According to David Stratton of Variety, "throughout the film, Nicole Kidman is excellent" and "she gives the character of Rae real tenacity and energy" and "though not always entirely credible" the picture "is a nail-biting suspense pic, handsomely produced and inventively directed." Roger Ebert of the Chicago Sun-Times wrote that the film "generates genuine tension because the story is so simple and the performances are so straightforward. This is not a gimmick film (unless you count the husband’s method of escaping from the sinking ship), and Kidman and Zane do generate real, palpable hatred in their scenes together." Desson Howe of The Washington Post praised the film's creators: "Noyce's direction moves impressively from sensual tenderness (between husband and wife) to edge-of-the-seat horror. With accomplished editing by Richard Francis-Bruce and scoring by Graeme Revell, he finds lurking dangers in quiet, peaceful waters."

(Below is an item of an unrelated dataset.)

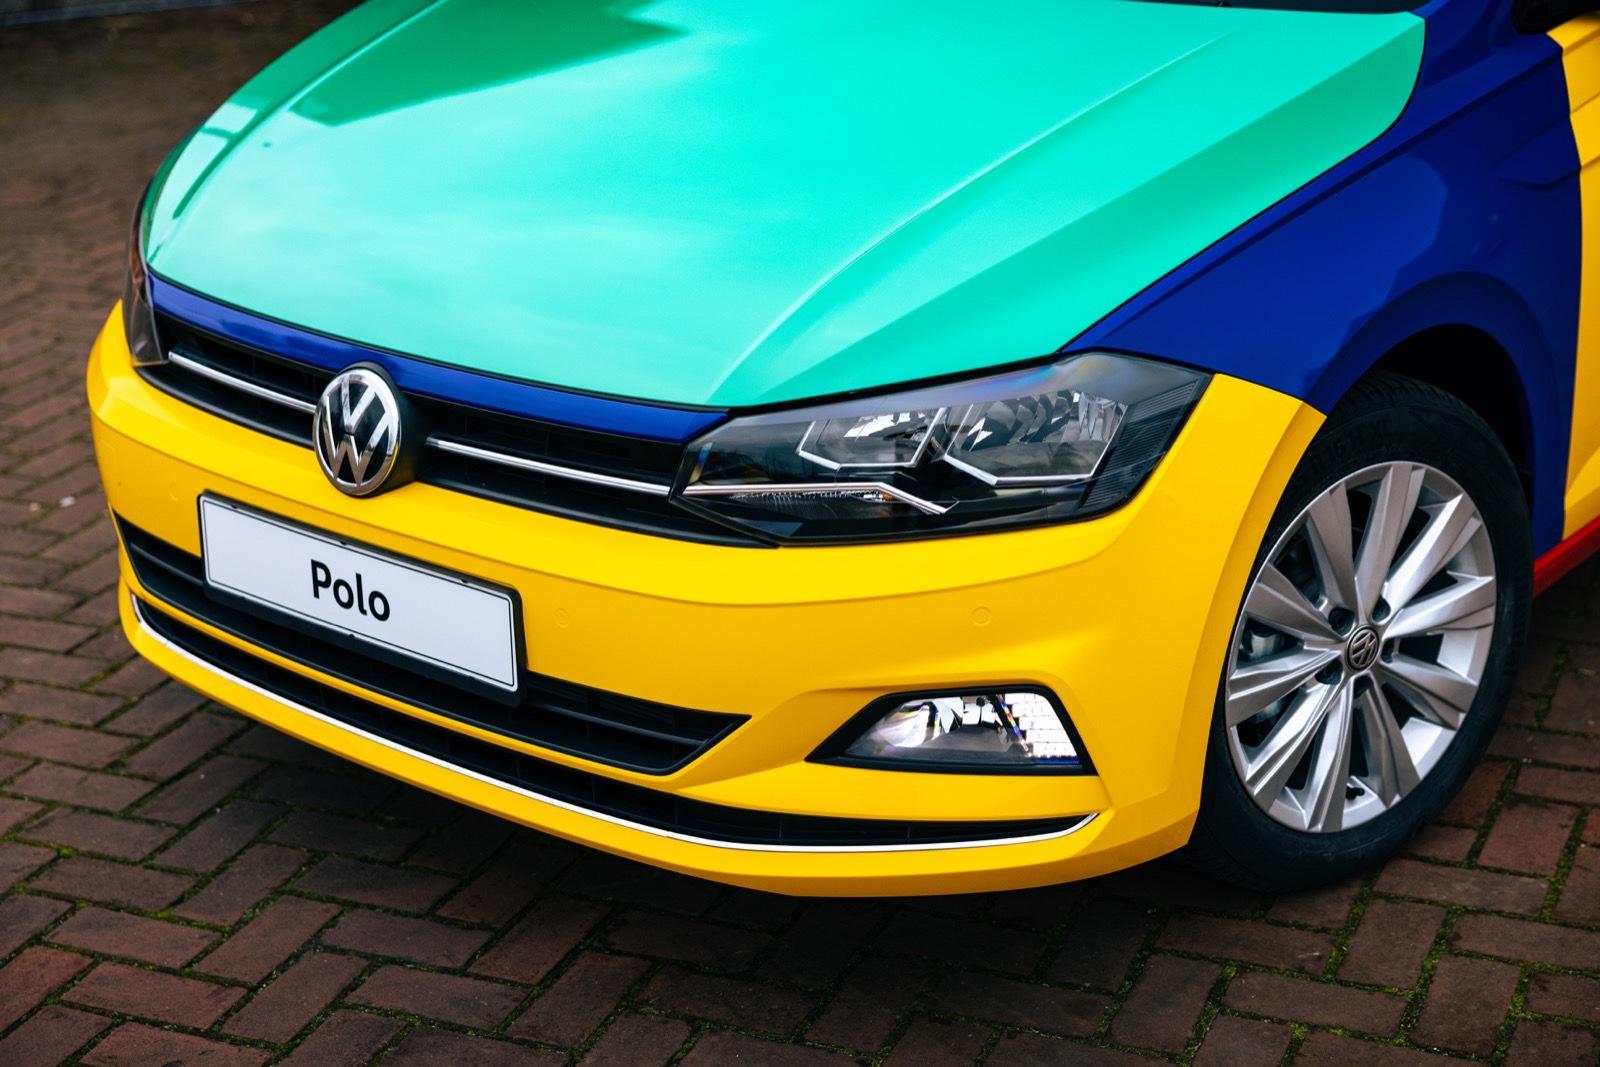 Volkswagen_Netherlands_modern_Polo_Harlekin_0017

On the other hand, Caryn James of The New York Times felt that the film was "an unsettling hybrid of escapist suspense and the kind of pure trash that depends on dead babies and murdered dogs for effect," and that Dead Calm "becomes disturbing for all the wrong reasons." A number of critics faulted the film's ending as being over-the-top, with the Posts Howe writing, "... while it's afloat, 'Dead Calm' is a majestic horror cruise. ... For much of the movie, you're enthralled. By the end, you're laughing."

The acting was generally considered excellent, with Zane being cited for injecting "unforgettable humanity and evil puckishness into his role" and being "suitably manic and evil." And while Rita Kempley of The Washington Post wrote "what's most fascinating about it is Rae's place in the pantheon of heroines, an Amazon for the '90s," the Times James called Kidman's character "tough but stupid."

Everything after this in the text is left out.